Untuk kegiatan pemeliharaan gedung dengan kontrak kurang dari Rp100.000.000 (seratus juta
rupiah) yang dilakukan dengan pengadaan langsung, maka penyedia jasa tidak diharuskan
menyampaikan jaminan penawaran dan jaminan pelaksanaan. Namun jaminan pemeliharaan atau
retensi pemeliharaan tetap harus disampaikan.

Pada pengadaan langsung, PPK melakukan survey pasar untuk menetapkan rencana pelaksanaan
pengadaan Barang/jasa yang meliputi spesifikasi teknis barang/jasa, HPS dan rancangan kontrak
(Pasal 11 ayat 1 huruf a). Sedangkan pada pengadaan langsung pejabat pengadaan melakukan
survei harga dalam melakukan pemilihan penyedia.

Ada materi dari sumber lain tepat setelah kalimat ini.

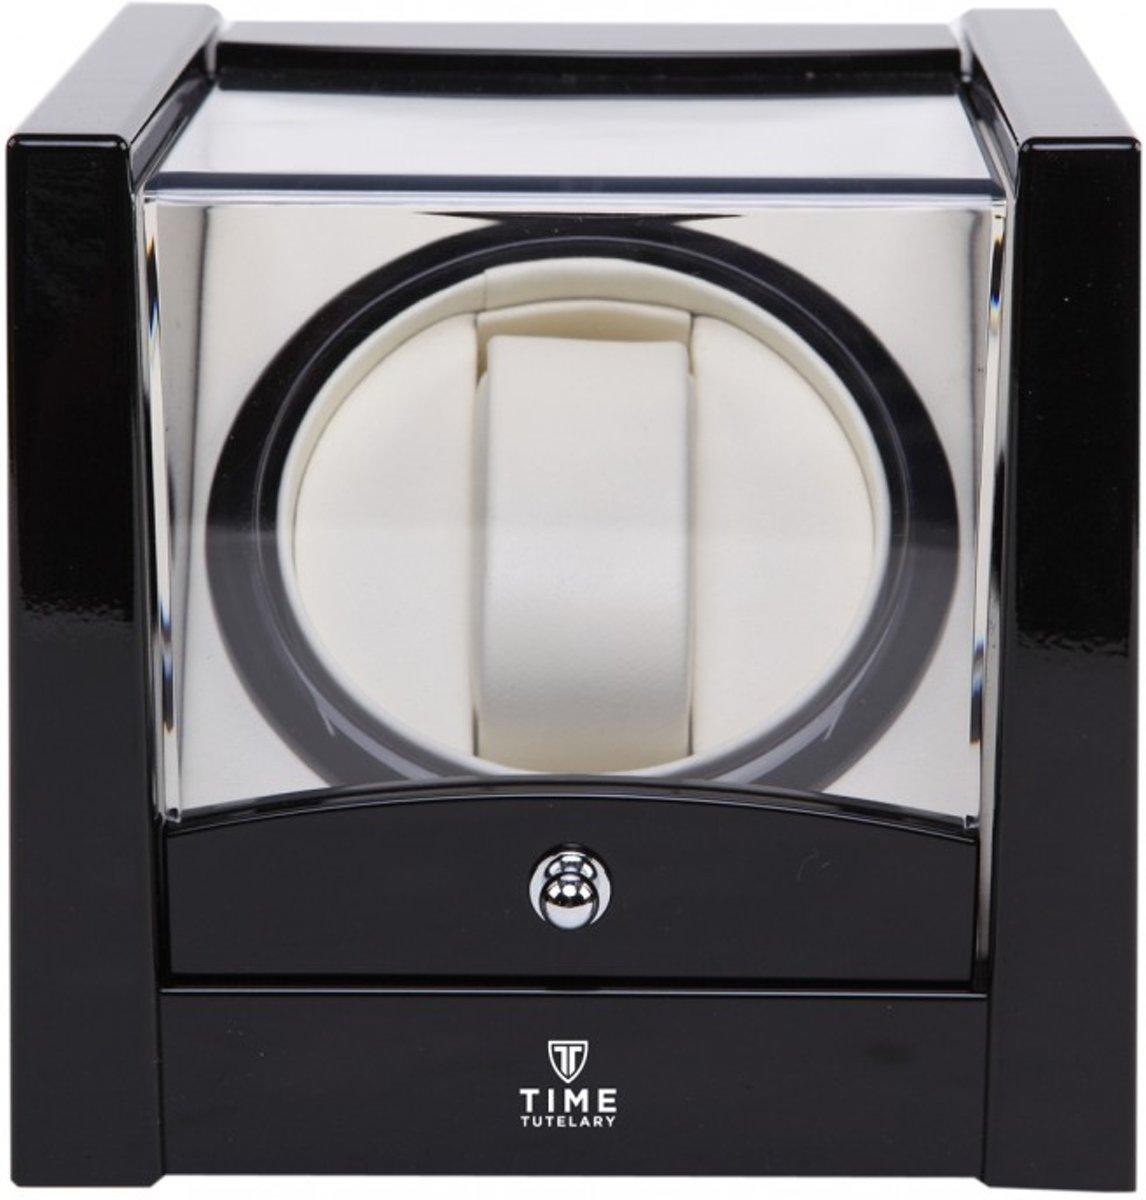 Time Tutelary Watchwinder 1 Horloge - Horloge Opwinder - Hoogglans Zwart - Automatisch kopen

Penyedia yang ditunjuk dalam pengadaan langsung adalah Penyedia yang berdasarkan survey
merupakan Penyedia yang memiliki harga terendah yang responsif dibandingkan Penyedia
lainnya.

Dalam pengadaan langsung yang perlu disusun oleh Pejabat Pengadaan adalah laporan hasil
survei harga, BA Klarifikasi dan Negosiasi, Surat Penetapan Penyedia serta BA Serah Terima
Pekerjaan. Surat Penetapan Penyedia serta BA Serah Terima Pekerjaan ditujukan untuk
pekerjaan yang menggunakan SPK.

Pengadaan barang/pekerjaan konstruksi/jasa lainnya pada prinsipnya harus dilelang bila bernilai
diatas Rp100.000.000,00 (seratus juta rupiah). Sedangkan pengadaan jasa konsultansi harus
dilelang (seleksi), bila bernilai diatas Rp50.000.000,00 (lima puluh juta rupiah), karena batasan
nilai tersebut sudah tidak diperkenankan lagi dilakukan pengadaan langsung.

Mekanisme Pengadaan Langsung dengan membeli di Carefour untuk pengadaan di bawah
Rp1.000.000,00 (satu juta rupiah) diperkenankan. Tetapi mengingat aturan perpajakan untuk
pengadaan diatas Rp1.000.000,00 (satu juta rupiah) harus dilampirkan bukti pembayaran pajak
(PPN dan PPH), maka akan sulit melakukan pengadaan dengan nilai dimaksud. Rencananya
aturan perpajakan akan direvisi dalam waktu dekat. Untuk sementara dapat digunakan usaha
kecil yang bersedia menyiapkan semua dokumen pembayaran yang dibutuhkan. Usaha kecil
dimaksud bukan broker, tetapi penyedia yang benar-benar memiliki kompetensi pada bidang
usaha tersebut.

Didalam Pengadaan Langsung untuk barang, Pejabat Pengadaan cukup mengundang 1 (satu)
Penyedia yang memberikan penawaran terendah survei yang dihasilkan dari survei pada minimal
2 (dua) Penyedia, kemudian dilakukan negosiasi teknis dan harga. Didalam Pengadaan Langsung
tidak perlu memasukan dokumen penawaran sebagaimana pelelangan umum. Sedangkan
pengadaan langsung untuk pekerjaan konstruksi/jasa lainnya/jasa konsultansi dilakukan dengan
meminta penyedia yang dianggap mampu untuk menyampaikan penawaran. Setelah itu baru
dilakukan klarifikasi dan negosiasi.